A note from David Shipley, Opinion Editor: https://t.co/HwAagLpGe2
— Washington Post Opinions (@PostOpinions) November 9, 2023
“A cartoon we published by Michael Ramirez on the war in Gaza, a cartoon whose publication I approved, was seen by many readers as racist. This was not my intent. I saw the drawing as a caricature of a specific individual, the Hamas spokesperson who celebrated the attacks on unarmed civilians in Israel,” read the apology from David Shipley, the paper’s opinion editor.
“However, the reaction to the image convinced me that I had missed something profound, and divisive, and I regret that. Our section is aimed at finding commonalities, understanding the bonds that hold us together, even in the darkest times,” Shipley said.
According to Fox News Digital, Shipley “handpicked the anti-Hamas cartoon after the cartoonist provided multiple options for him to choose from,” and Ramirez predicted the cartoon “would spark some sort of visceral reaction among some based on the current political climate but suggested those who claim to be advocating for innocent Palestinians ‘have a tendency to kind of erase the boundaries’ when it comes to Hamas,” the outlet reported.
“In this case, we both thought that was a bold cartoon,” Ramirez said, telling the outlet that Shipley “begged” him not to resign over the decision to censor the provocative work.
“He knew that I wasn’t happy with it… And he begged me not to quit,” he said. “And honestly, I thought about the consequences of that. If I quit, then the cancel culture people win because they basically exorcise the Washington Post of my cartoon, and I didn’t want to give them that luxury.”

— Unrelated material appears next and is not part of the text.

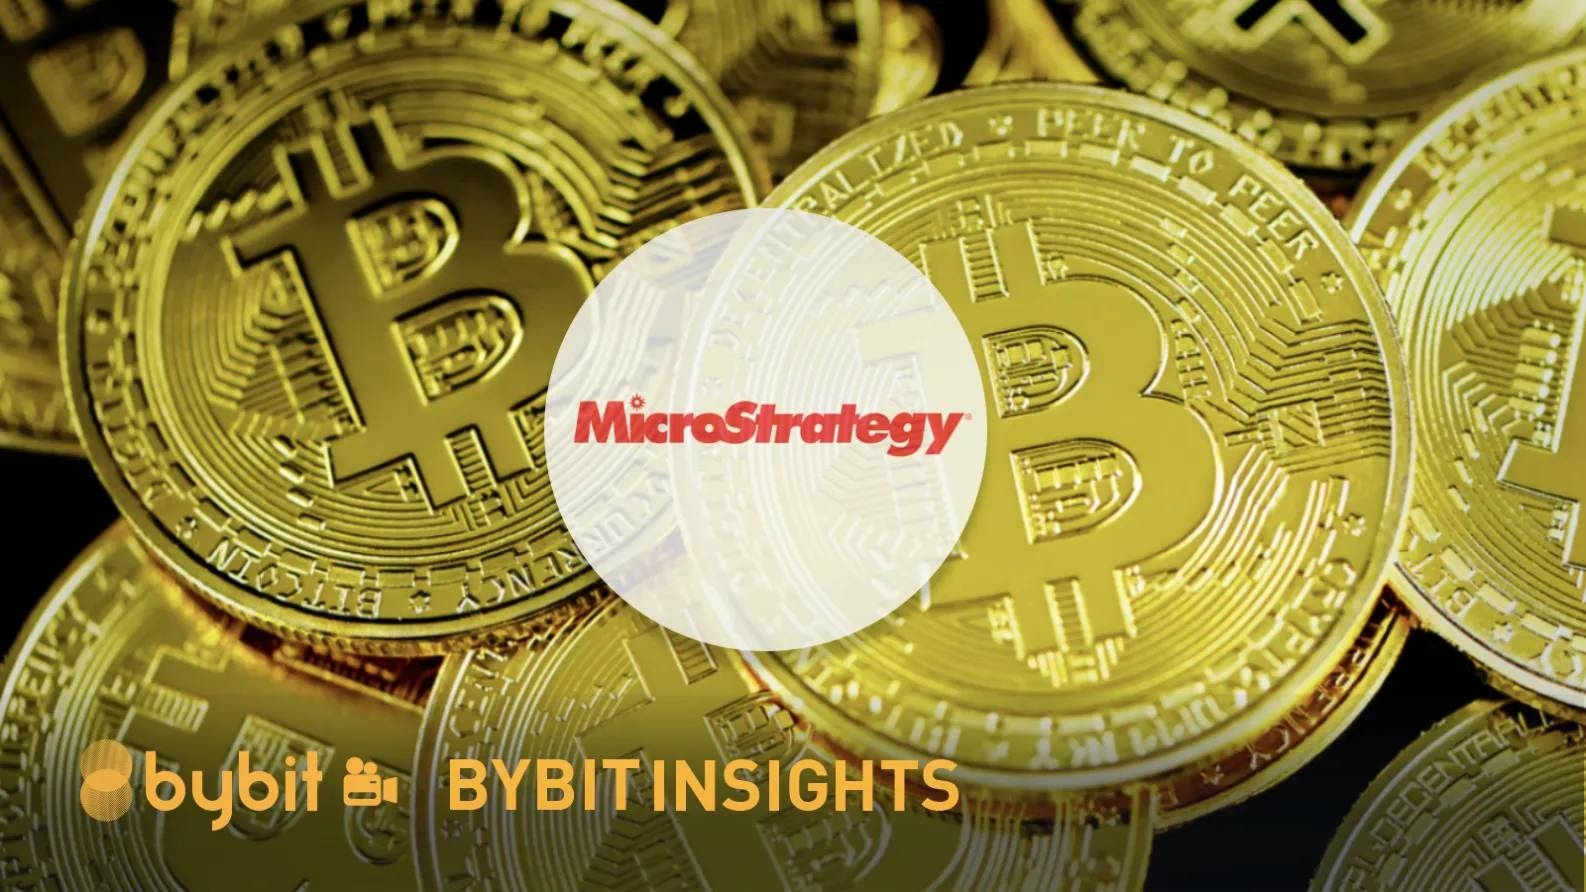 новости компании Microstrategy

“So I told David I would do two more cartoons for the Washington Post and just see how it goes and then reassess our relationship,” he added.
The artist said that he liked the editor and respected his efforts to “expand The Washington Post to accommodate a larger variety of views,” he said that the censorship of the mockery of Hamas was “unfortunate.”
“I think David resisted the idea of doing this initially. And he was very apologetic to me for doing this,” he said, adding that he’s glad the cartoon has led to a debate about the “systematic undermining of the freedom of speech.”
“I want an open debate. I think America is better, more extraordinary because of that,” Ramirez said.